The latter of which, must be consumed in bed.
5. Consume while watching a TV show about cooking and/or food, the type you will never, ever make yourself because who has the goddamn time
Exactly. I mean, technically we all have 24 hours in the day, but even if you only work for 30 minutes of those 24 hours, some of us would rather eat the contents of a stranger’s lawn than assemble a meal from scratch. (In my defense, I did try cooking last week and made the most disgusting lemon-butter sauce known to man – so offensive, FYI, that even my saintly mother said, “Oh my God, that’s terrible” and complained for at least an hour about how she couldn’t get rid of the aftertaste.)

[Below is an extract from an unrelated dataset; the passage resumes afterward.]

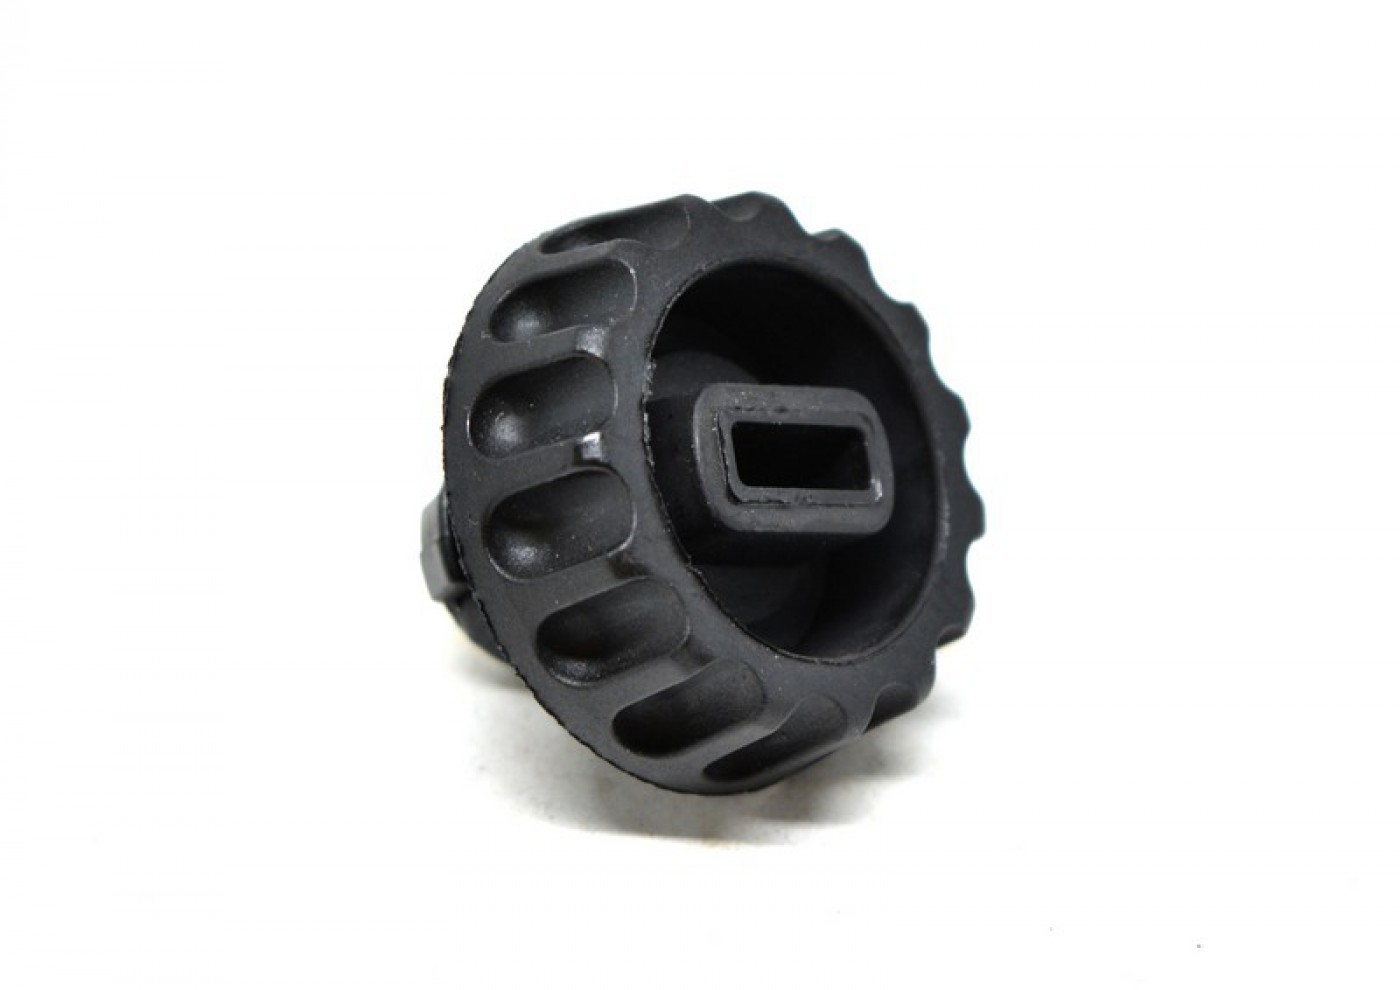 Zátka krytu vzduchového filtru Stihl MS361 MS341

The purpose of this activity is to make you appreciate the souls who feed you on a regular basis: restaurant owners, cooks, grocery store employees, delivery drivers, Mrs. Fields, Mr. Pretzel, Auntie Anne, Sbarro, and any friend or family member whose invited you for dinner. Then, after you savour this moment (see what I did there?) cave in and begin scrolling through a delivery app – only to fall asleep, phone in hand, half-eaten chocolate bar melting next to you.

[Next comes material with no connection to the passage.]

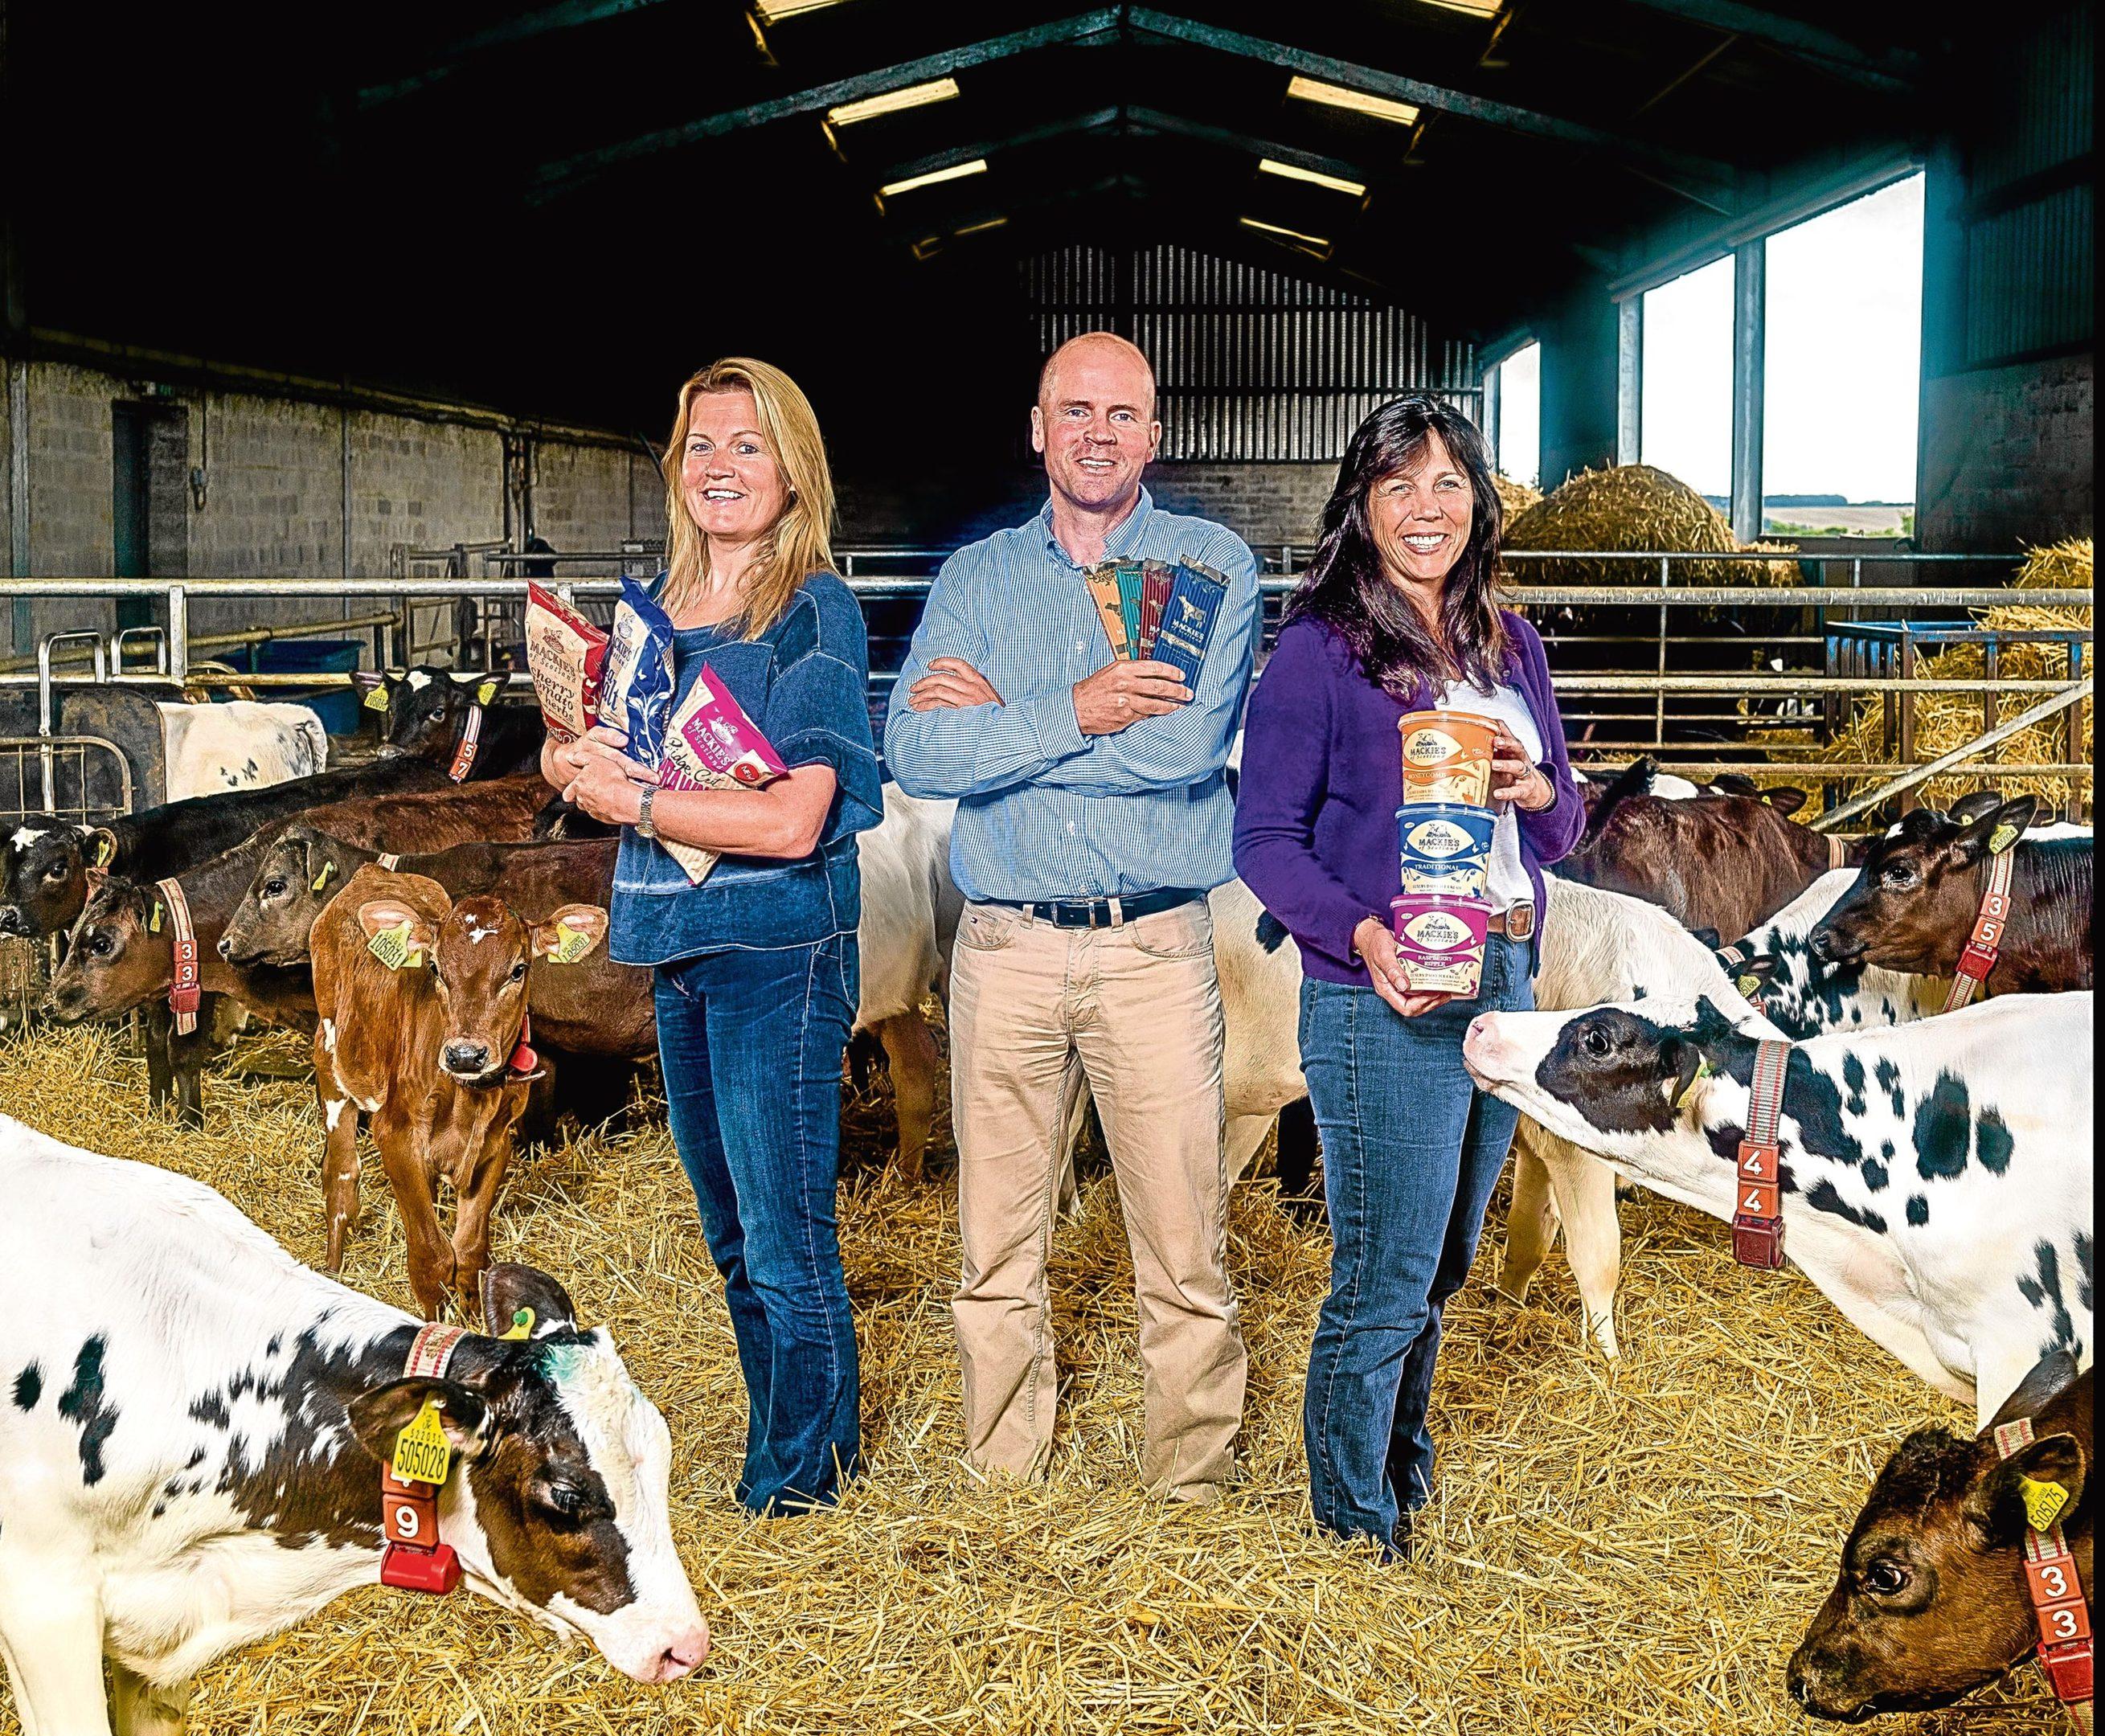 left to right Kirstin Mackie, Mac Mackie and Karin Hayhow

6. Stock up on midnight snacks
I say this as a person who, last night, drank an Instant Breakfast for dinner because I had a headache and was PMSing. Thus, imagine my true commitment to Tired Woman when I awoke sometime between midnight and 3pm, famished and even more irritable. This is why I keep granola bars/a tiny box of Fruit Loops/cookies in a Tupperware within arm’s reach of bed, eclipsed only by the sheer majesty of the time I saved a leftover McDonalds apple pie for a late night treat.
And yet, this is so much more than a snack; so much more than an attempt to fill one’s (digestive) void with a tote bag of snacks. This is the continuation of dinner: another course in a long line of courses, defined entirely by what is nearby and what you will settle for. Fatigue means never having to justify eating whatever you want whenever you want to eat it. And by “fatigue” I mean “being alive” because under no circumstances do you need to justify what you consume, thank you. Especially when tired, but especially at any other time.